THE FUTURE OF CONTENT MARKETING

What Top 21 Experts Think!

We asked 21 experts, 5 questions regarding the future of Content Marketing:

  1. Should organisations shift their content strategy from building branded content to establishing themselves as content brand?
  2. Which are the most useful tools in your daily content generation and marketing?
  3. Which social media channel will become platform #1 for content marketing?
  4. Who will win the battle long detailed vs short snackable content?
  5. What does the future hold for the Content-SEO pair?

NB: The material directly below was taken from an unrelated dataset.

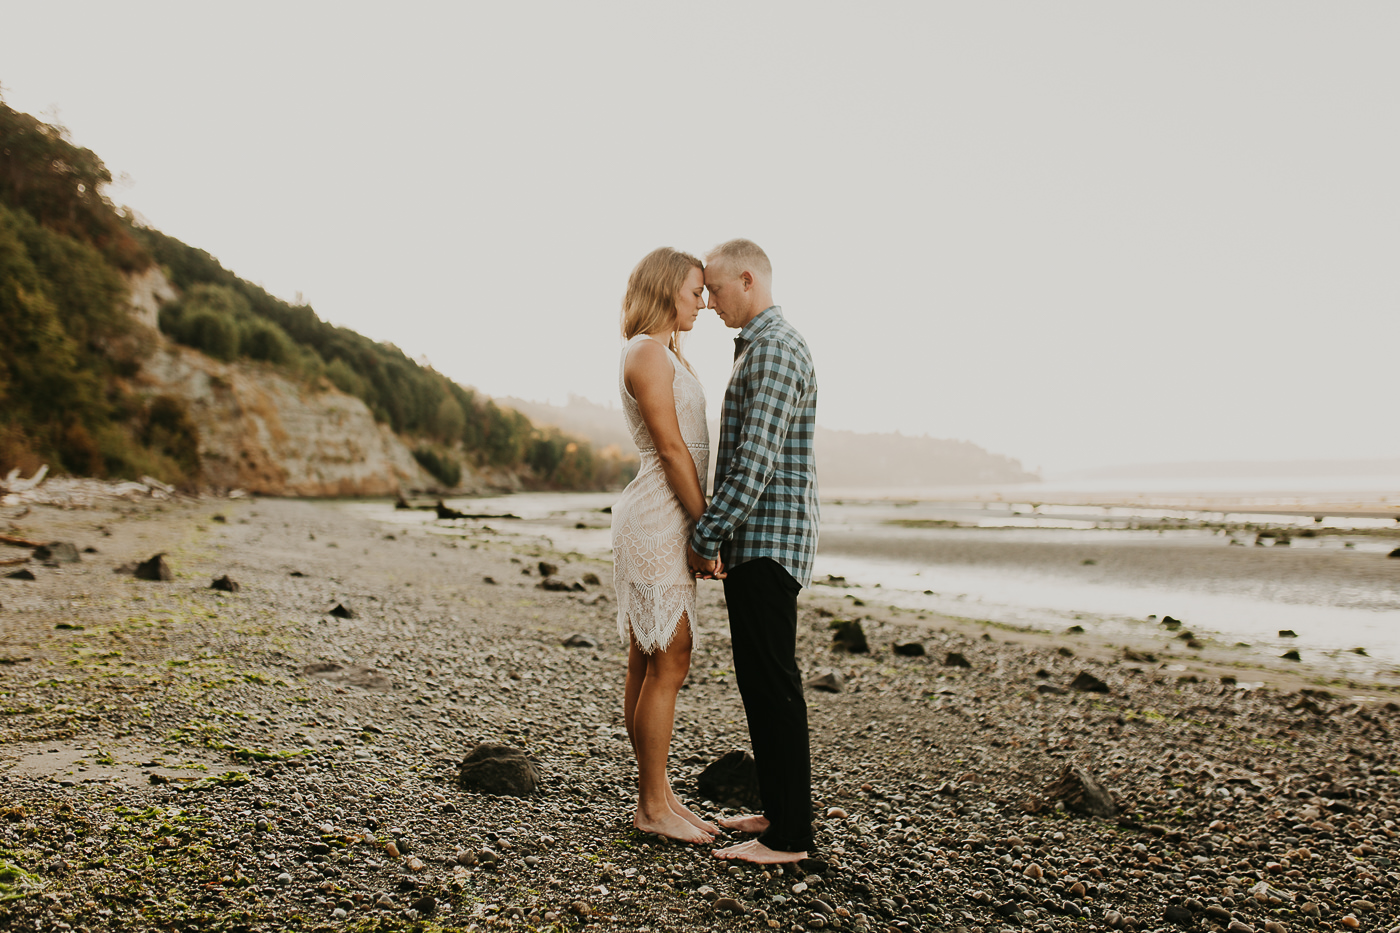  Lauren + Scott - Kamra Fuller Photography - Seattle Wedding Photographer - Seattle Engagement Session - Seattle Elopement Photographer - Seattle Couple's Session - Washington State Wedding Photographer - Couple's Photography - Discovery Park - South

The future of Content Marketing according to Andrew Coate, Community & Content guy at Facebook

ANDREW COATE

Community & Content guy at Facebook Twitter: @andrewjcoate
I find it important to have a "Task" tool to stay on top of every small piece of content creation, a CMS to hold both in progress and completed content, an editorial calendar to better visualize what's happening, and a reporting tool. The less friction between all of these types of tools, the better, and it's vital to be able to share progress or collaborate with others simply.
Branded Content vs Content Brand
Every time I hear this question or ones like it, I'm worried that the industry is getting too caught up with terminology or catch phrases. "Branded content", "content brand", "content marketing" - whatever you'd like to call it, the focus should be understanding the needs and challenges of their target audience, and meeting those with content. This includes serving relevant content at all stages of the buying cycle (including post sale), and doing so to a variety of audiences (persona, vertical, etc).
Your favourite content generation/marketing tools
I've used a different tool set in every organization I've worked for, so I'll highlight the categories that are most useful in content creation (of course, tools are only so useful if you don't have solid process and workflows in place). I find it important to have a "Task" tool to stay on top of every small piece of content creation, a CMS to hold both in progress and completed content, an editorial calendar to better visualize what's happening, and a reporting tool. The less friction between all of these types of tools, the better, and it's vital to be able to share progress or collaborate with others simply.
#1 Social media channel for content marketing
Facebook and LinkedIn are poised to provide really great value to marketers going forward simply because of the robust targeting they both allow, however a focus on a single channel probably isn't the right focus. Each channel has a distinct audience, or at least the same audience goes to them searching for different things. The question shouldn't be "Should I use SlideShare or Pinterest?" but rather "Is my audience on [digital channel] and if so, how do I create relevant content for them in the best format for that channel?"
Long detailed vs short snackable content
Again, I'm going to shy away from choosing one over the other in favor of what an audience responds to. Both types of content have distinct value offerings. The key is to test. Try a variety of tactics and content types to see what your audience best responds to.
The future of the Content-SEO pair
Community forums are deeply undervalued as both areas for content creation and SEO results. There's a great blog about this by Joshua Paul entitled 7 Reasons That an Online Community Site is the Ultimate SEO Hack.